_Source material_
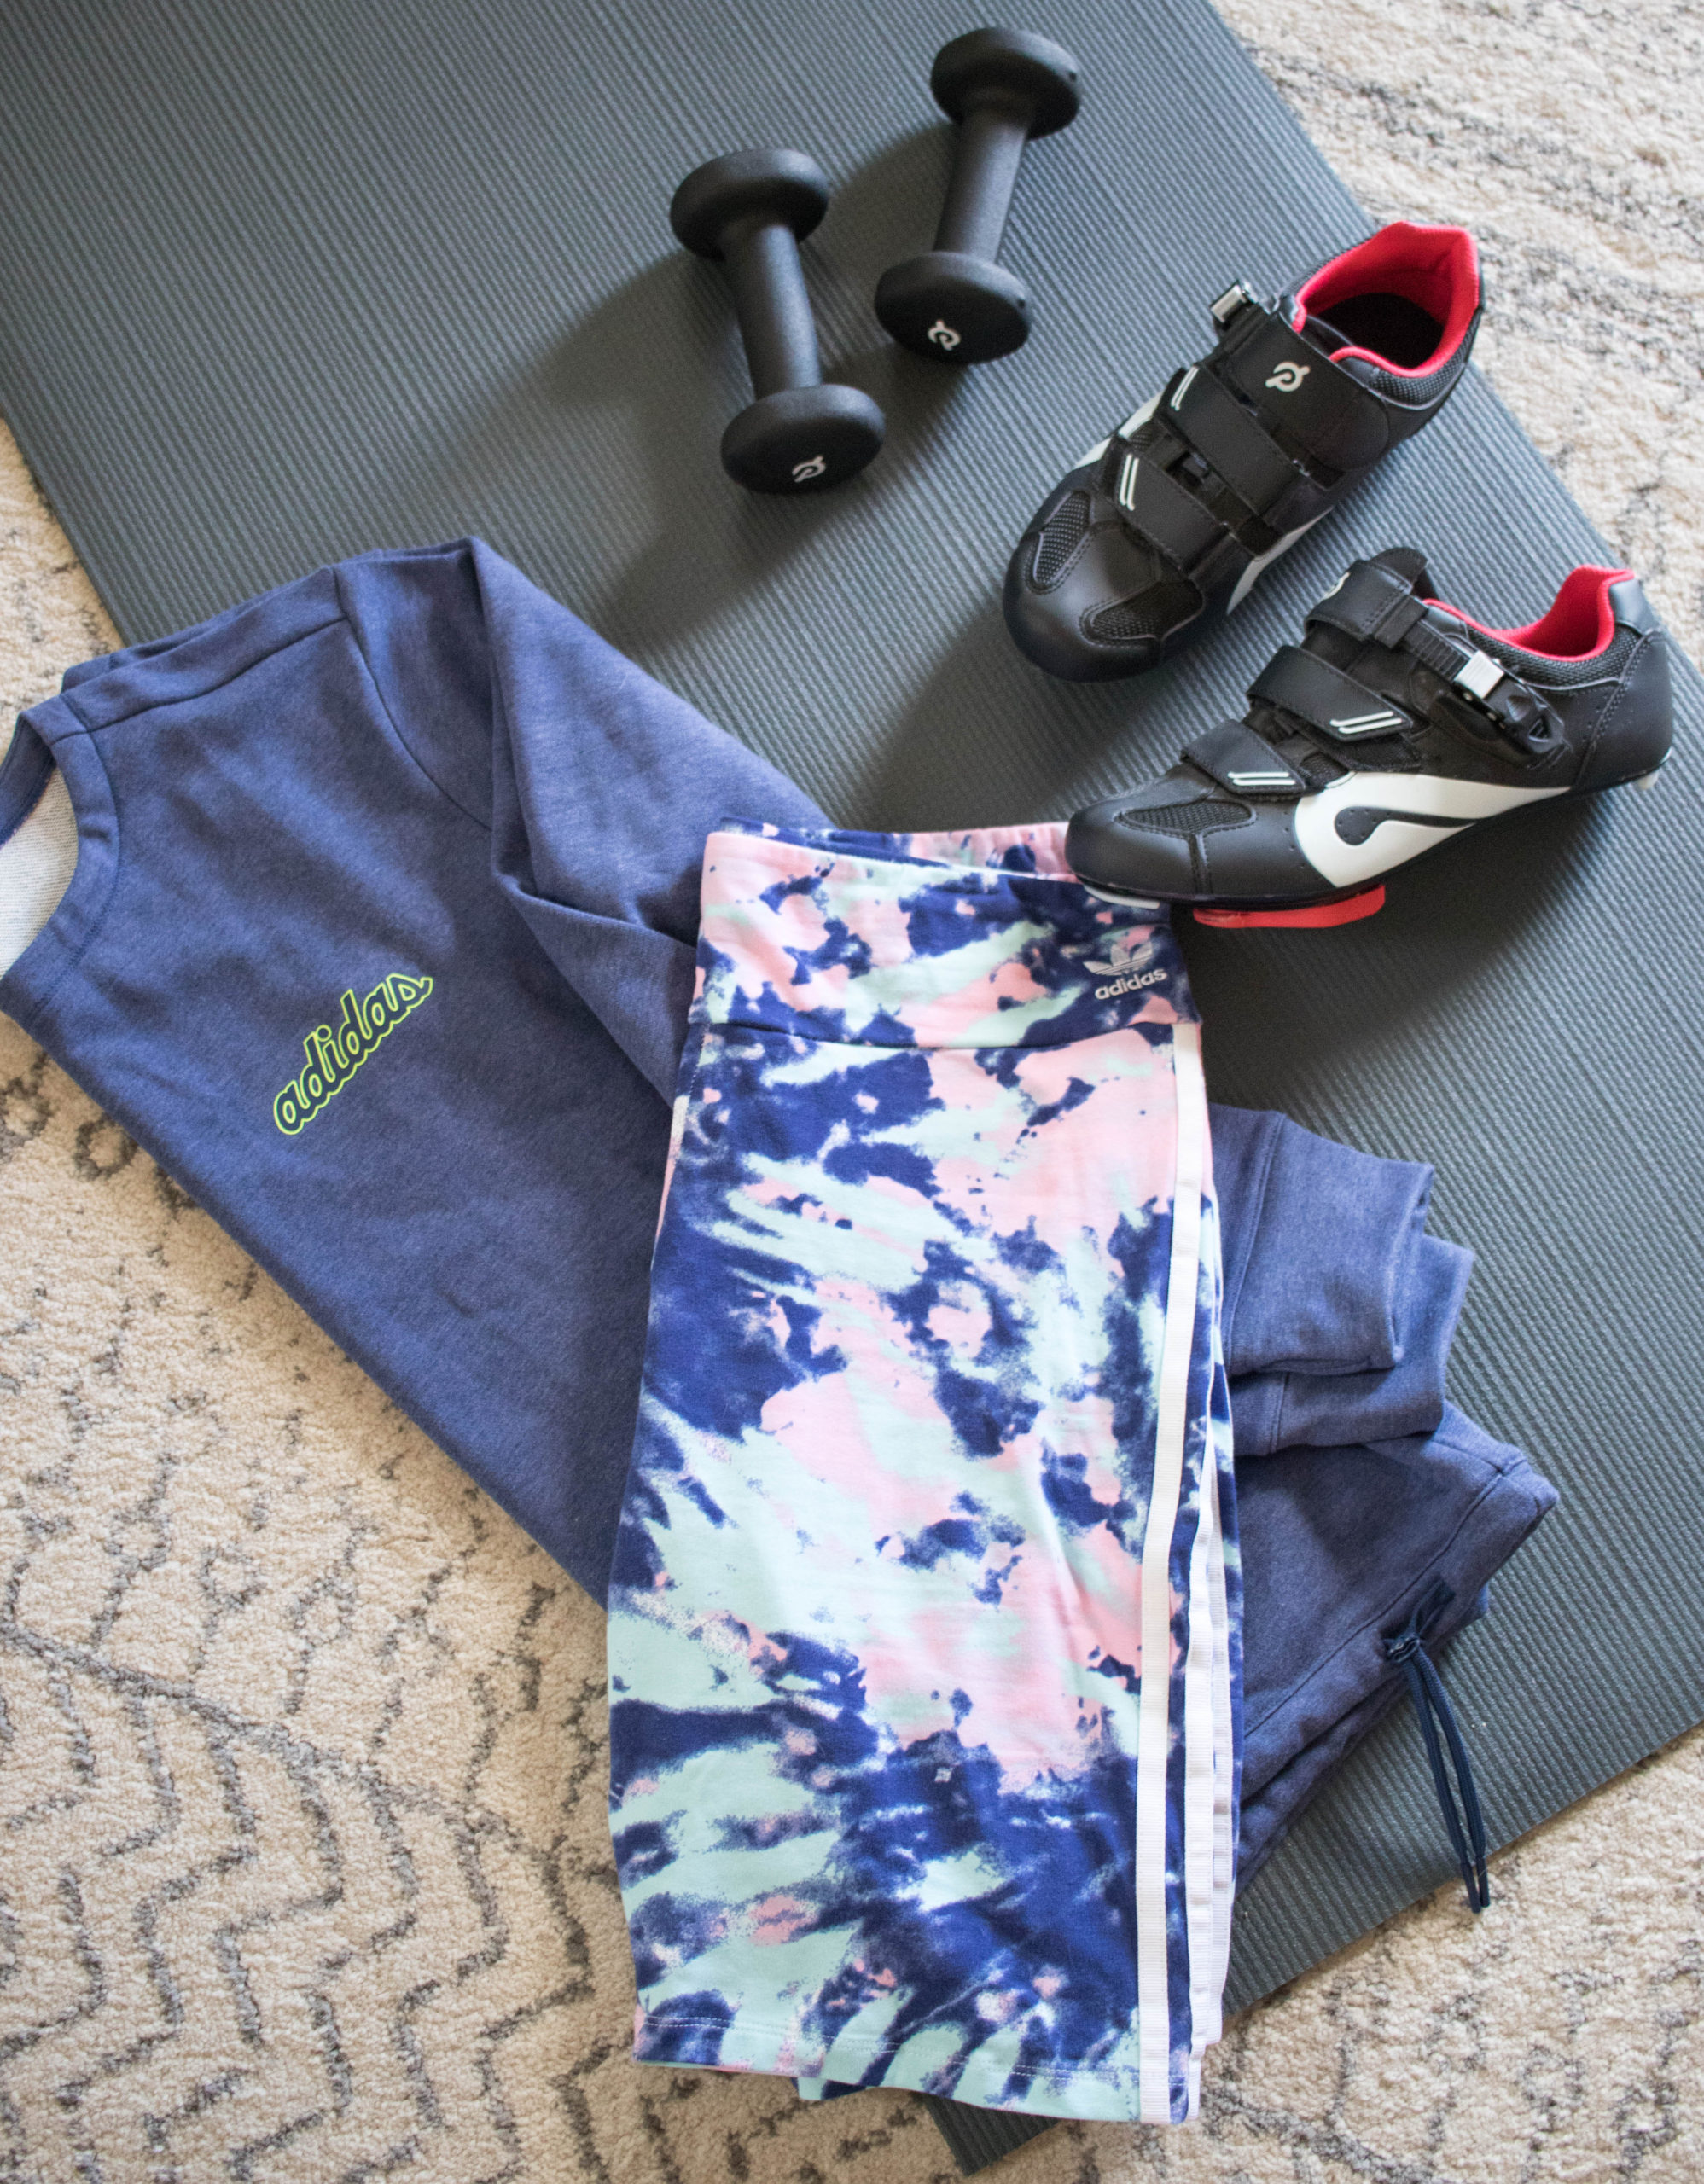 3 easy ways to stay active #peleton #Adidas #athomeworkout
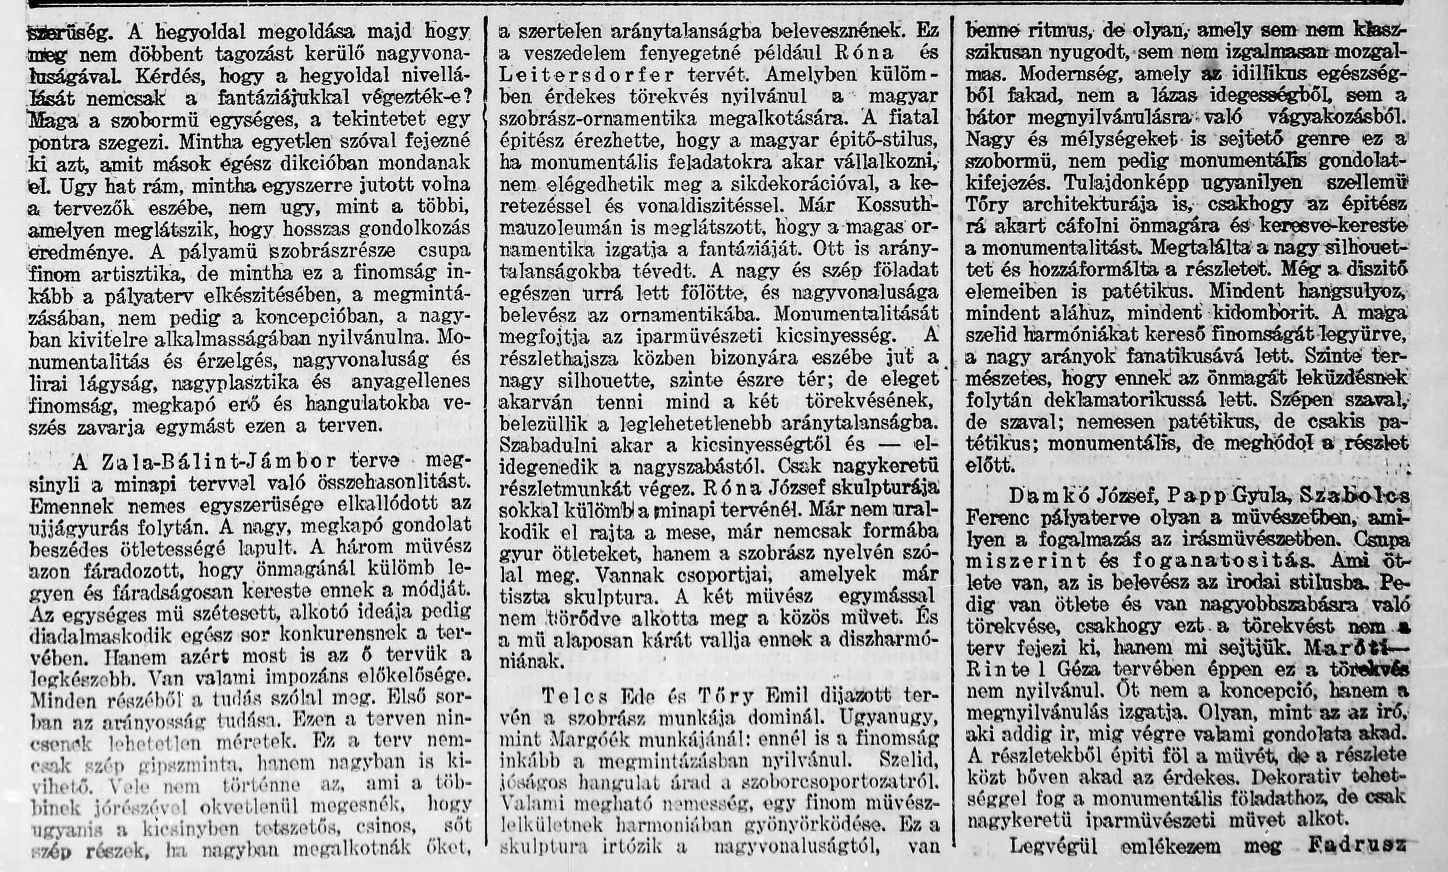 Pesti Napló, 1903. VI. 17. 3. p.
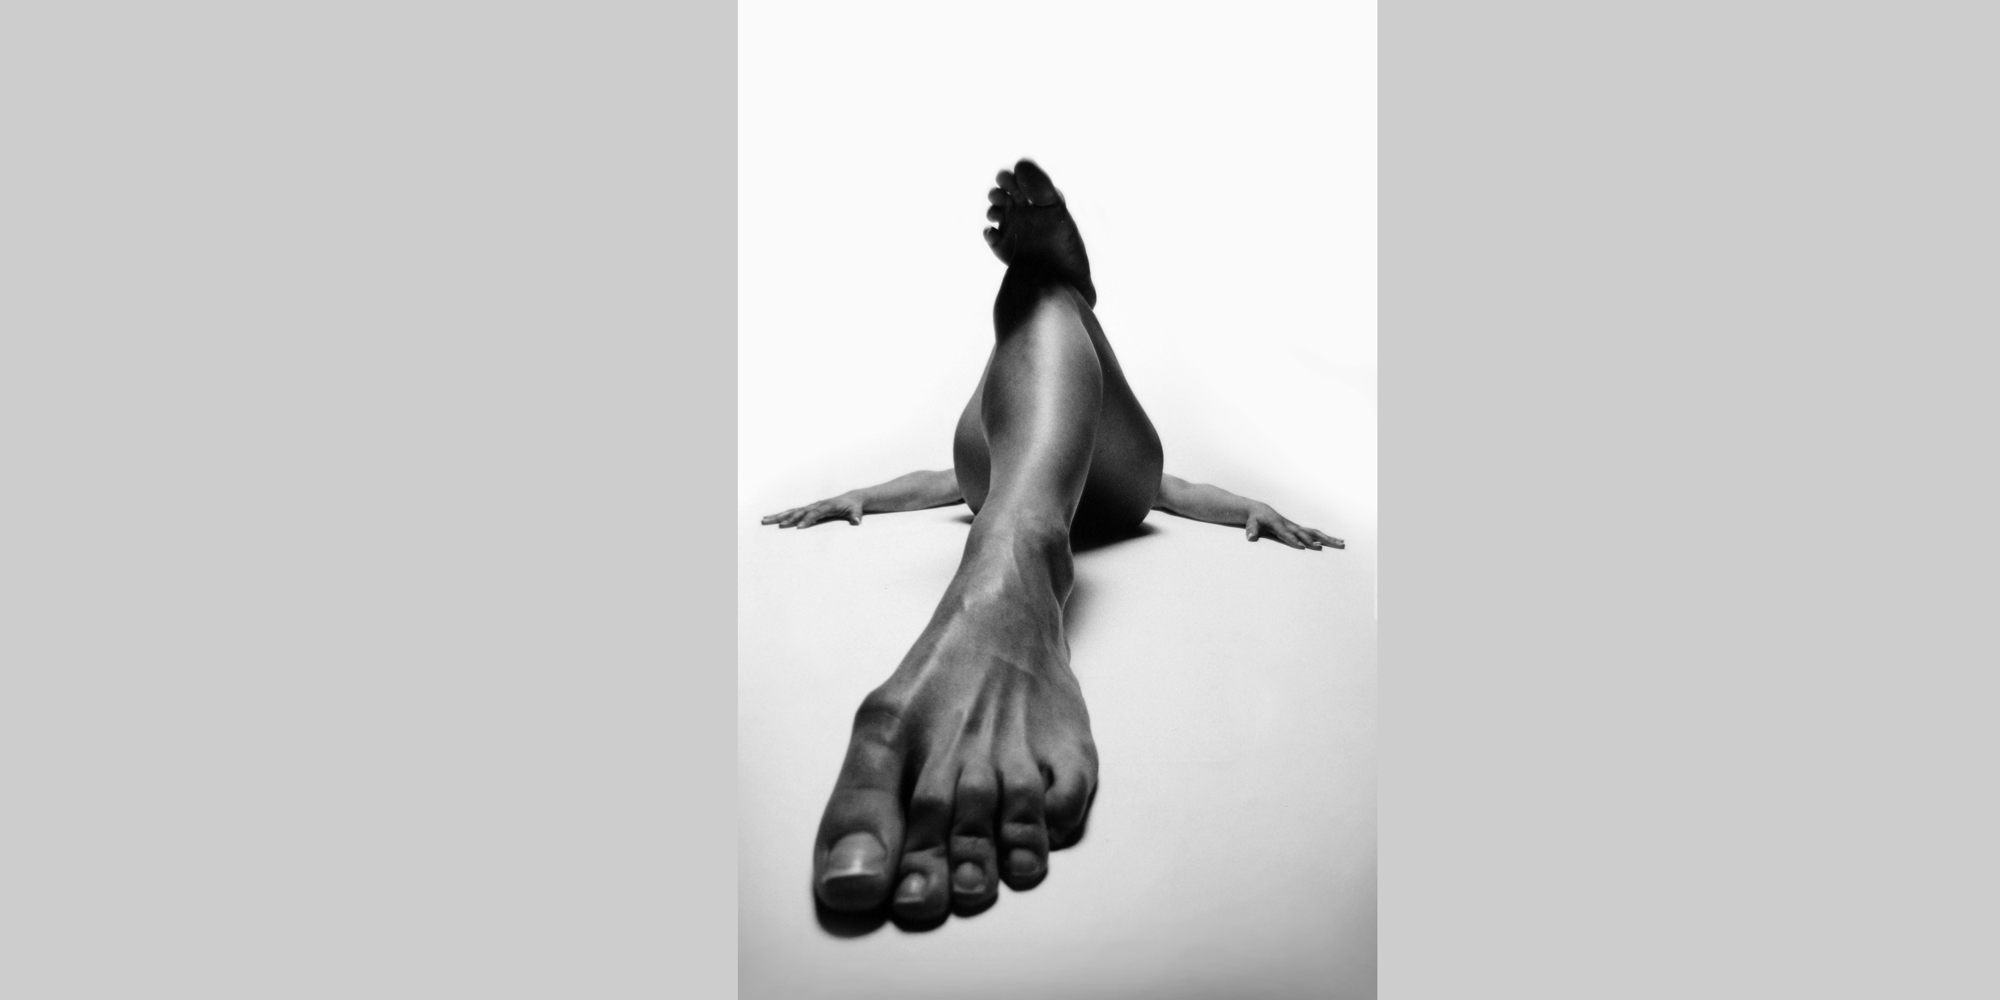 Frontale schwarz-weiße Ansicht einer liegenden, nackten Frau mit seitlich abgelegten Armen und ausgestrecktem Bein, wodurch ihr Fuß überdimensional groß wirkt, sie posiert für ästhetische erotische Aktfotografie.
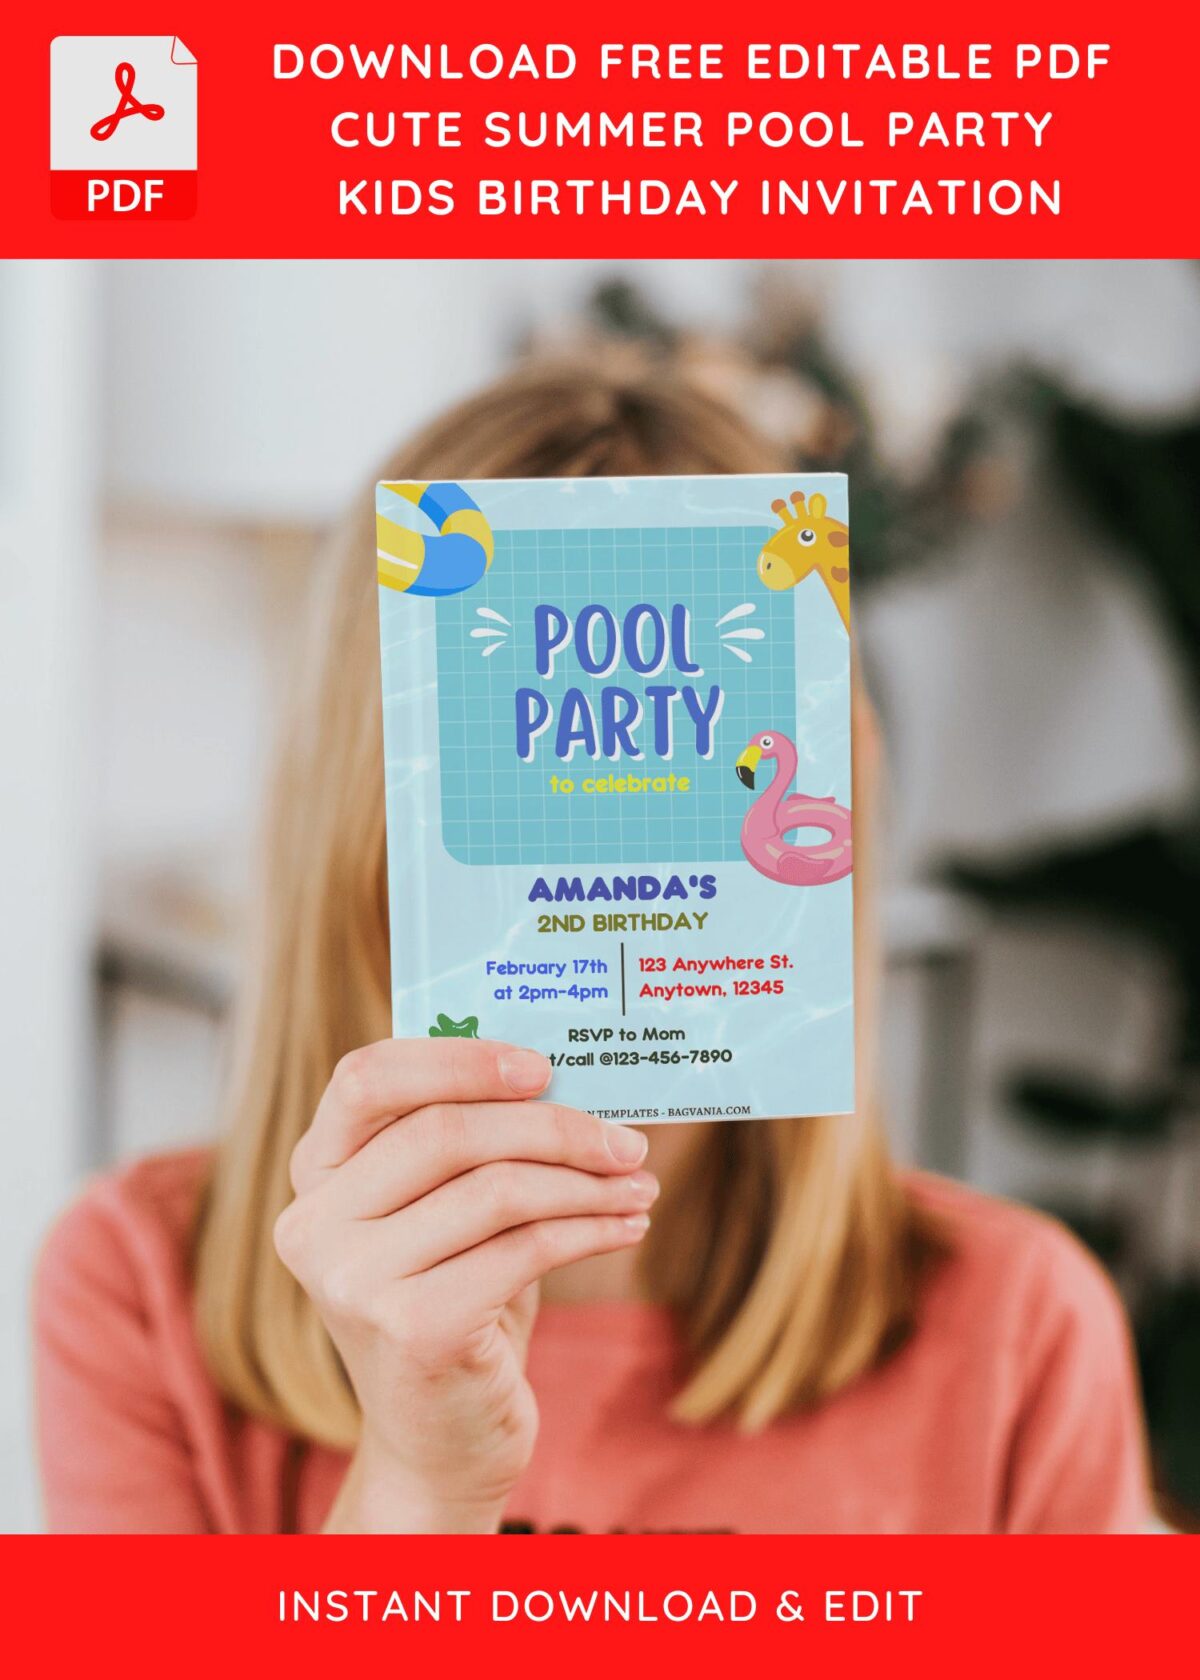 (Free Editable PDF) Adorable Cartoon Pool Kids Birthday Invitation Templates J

_Instructions to follow_
Copy out every line of the material above exactly, skipping the pictures.

_Task solution_
 3 easy ways to stay active #peleton #Adidas #athomeworkout
 Pesti Napló, 1903. VI. 17. 3. p.
 Frontale schwarz-weiße Ansicht einer liegenden, nackten Frau mit seitlich abgelegten Armen und ausgestrecktem Bein, wodurch ihr Fuß überdimensional groß wirkt, sie posiert für ästhetische erotische Aktfotografie.
 (Free Editable PDF) Adorable Cartoon Pool Kids Birthday Invitation Templates J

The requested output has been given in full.